### Work to complete
Whatever precedes the line containing "avant apr s" is not copied; that line and every line after it through the final one below are copied exactly, except pictures.

### Recorded data
====================

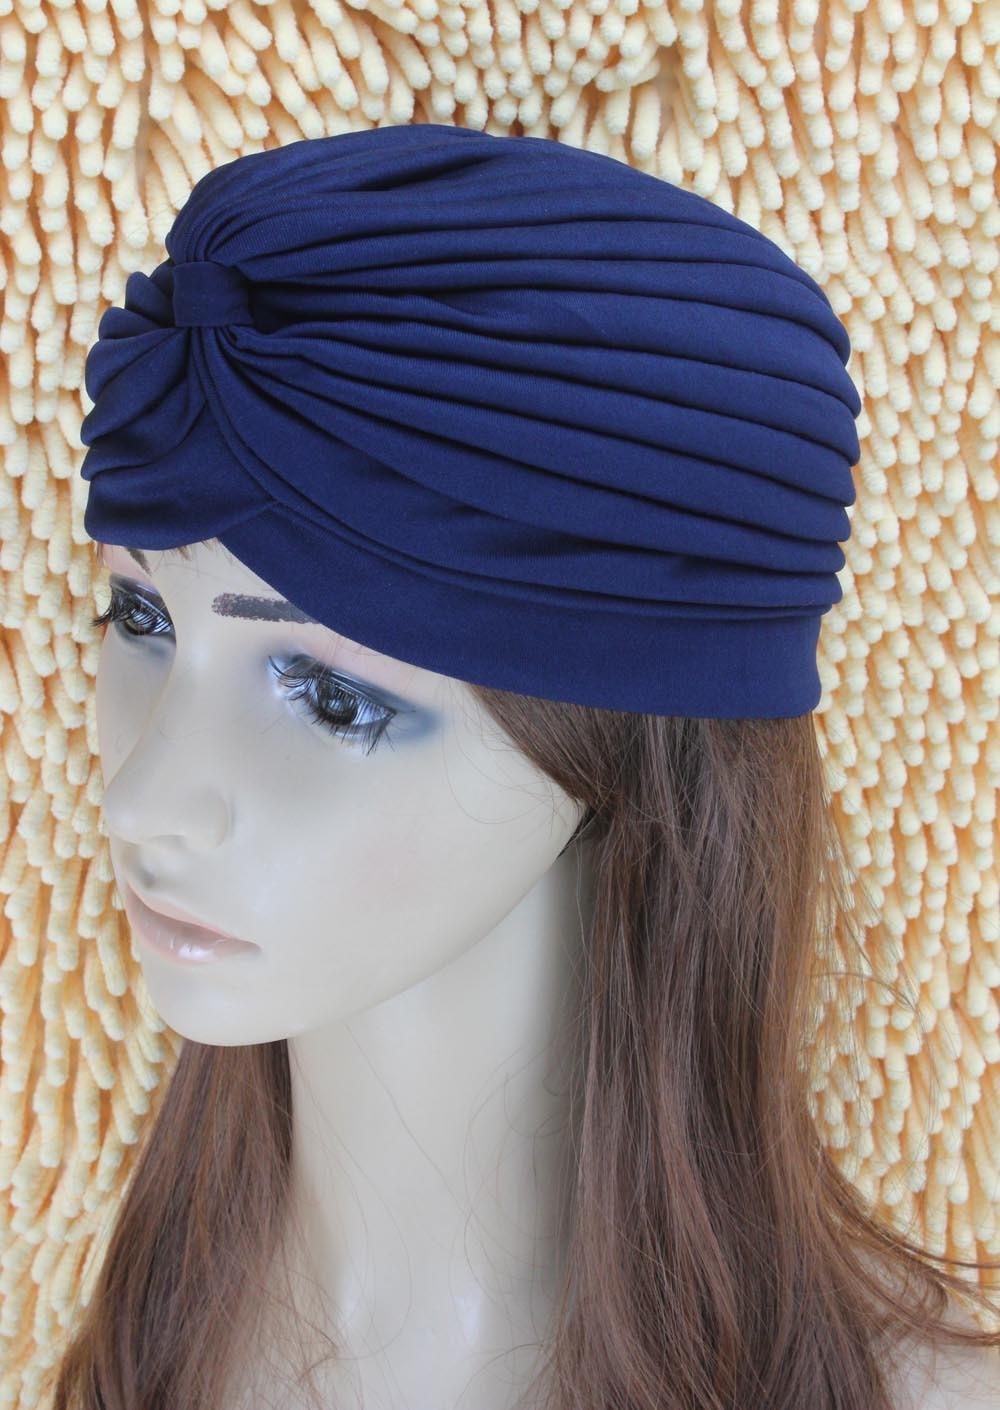 Mode Indian Unisex Head Wrap Cap vrouwen tulband Bandana indian caps - Kledingaccessoires - Foto 5
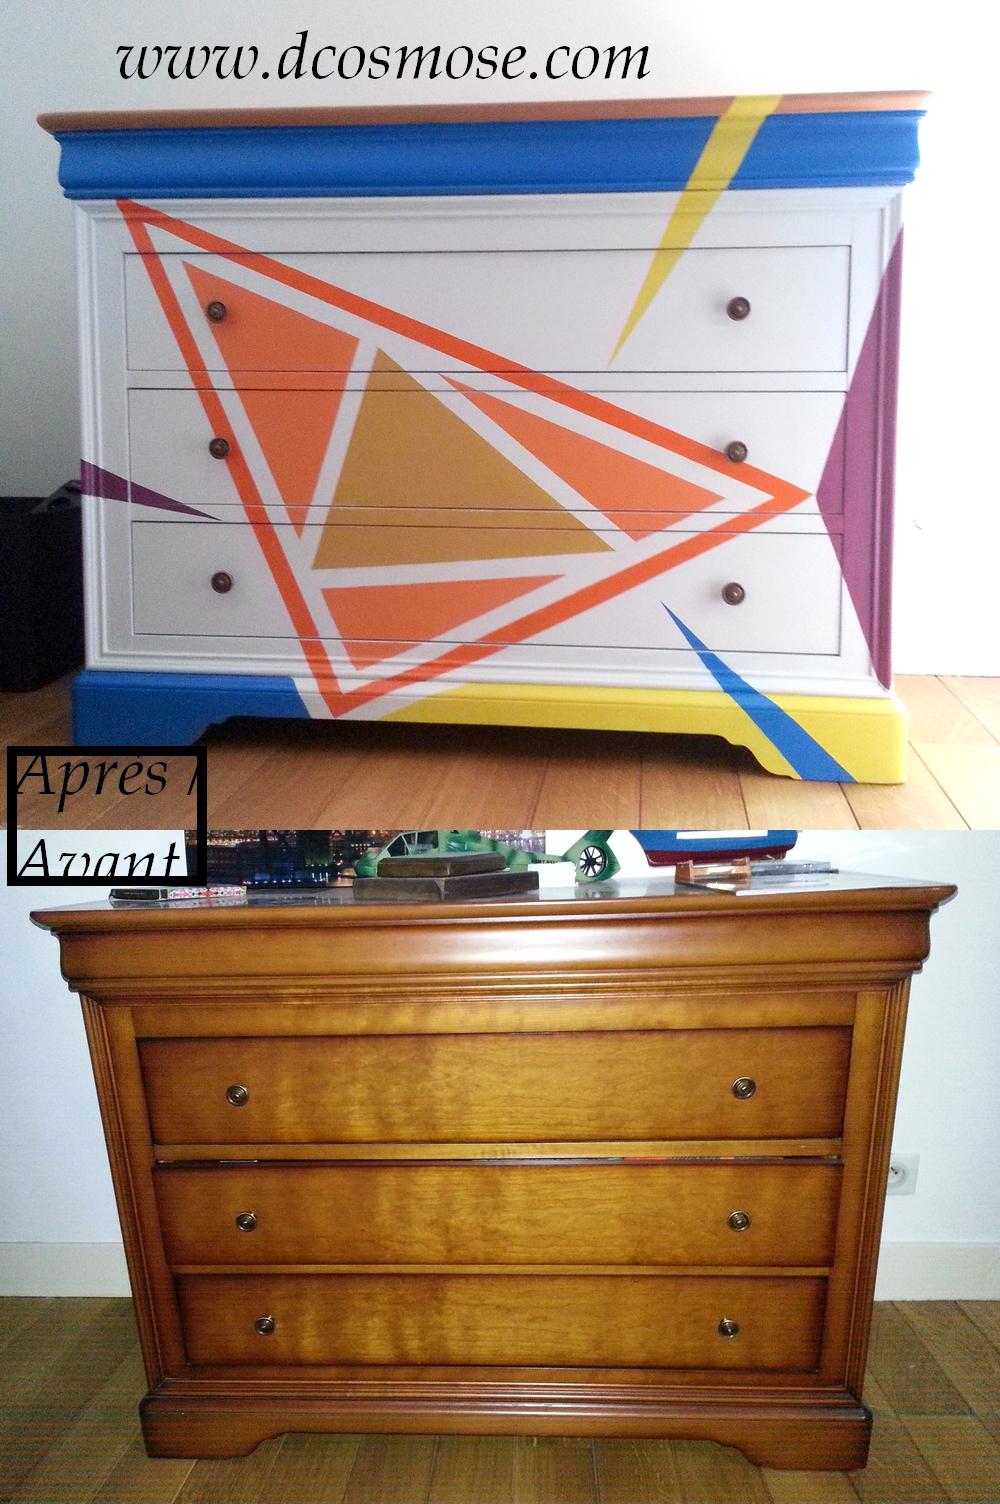 avant apr s d 39 cosmose. Black Bedroom Furniture Sets. Home Design Ideas
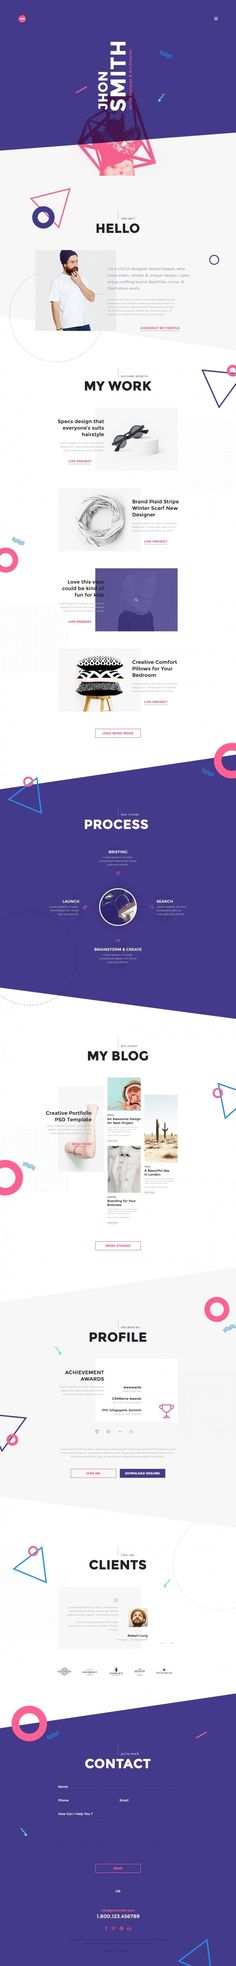 Me – Creative Portfolio & Resume / CV in Web design
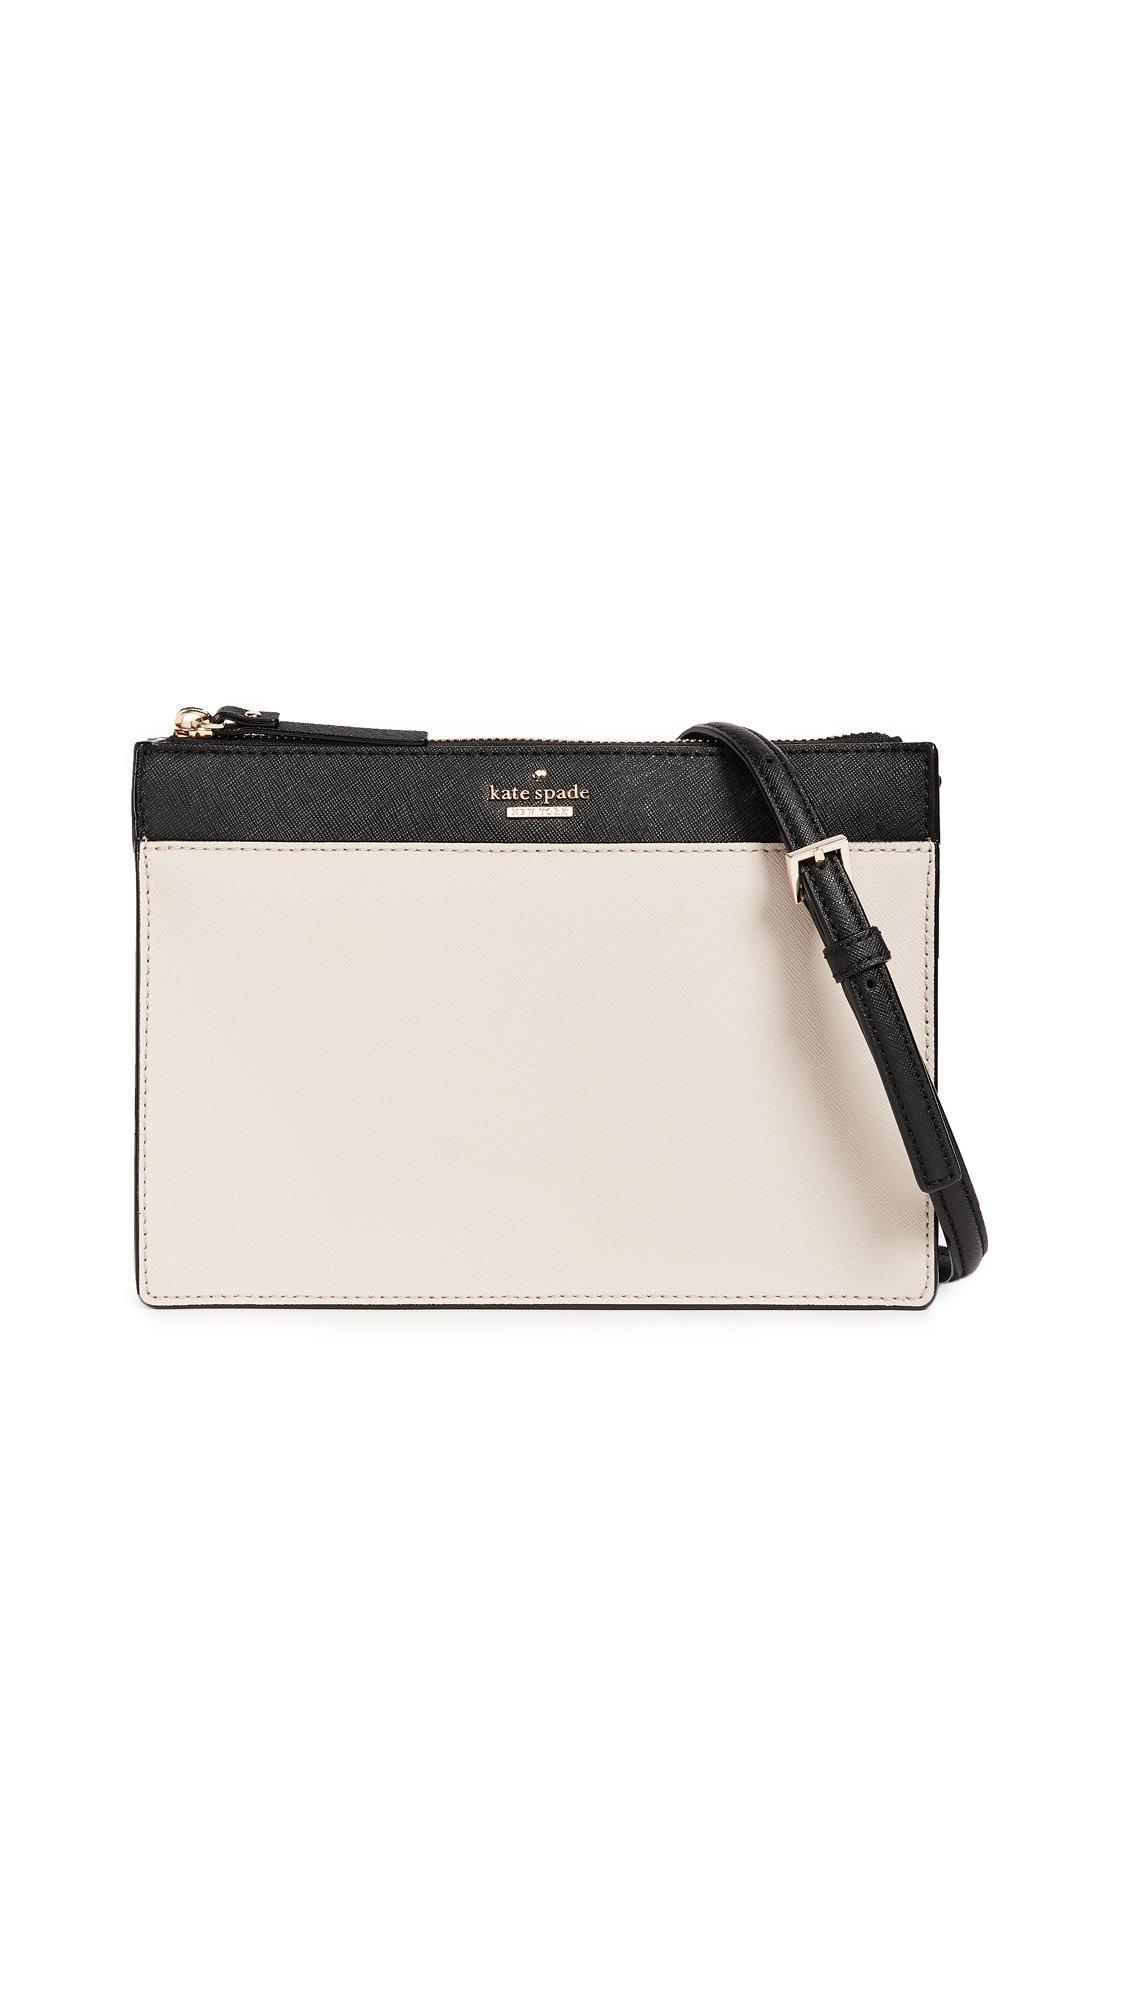 Kate Spade New York Women's Clarise Cross Body Bag, Tusk/Black, One Size

====================

### Exercise result
 avant apr s d 39 cosmose. Black Bedroom Furniture Sets. Home Design Ideas
 Me – Creative Portfolio & Resume / CV in Web design
 Kate Spade New York Women's Clarise Cross Body Bag, Tusk/Black, One Size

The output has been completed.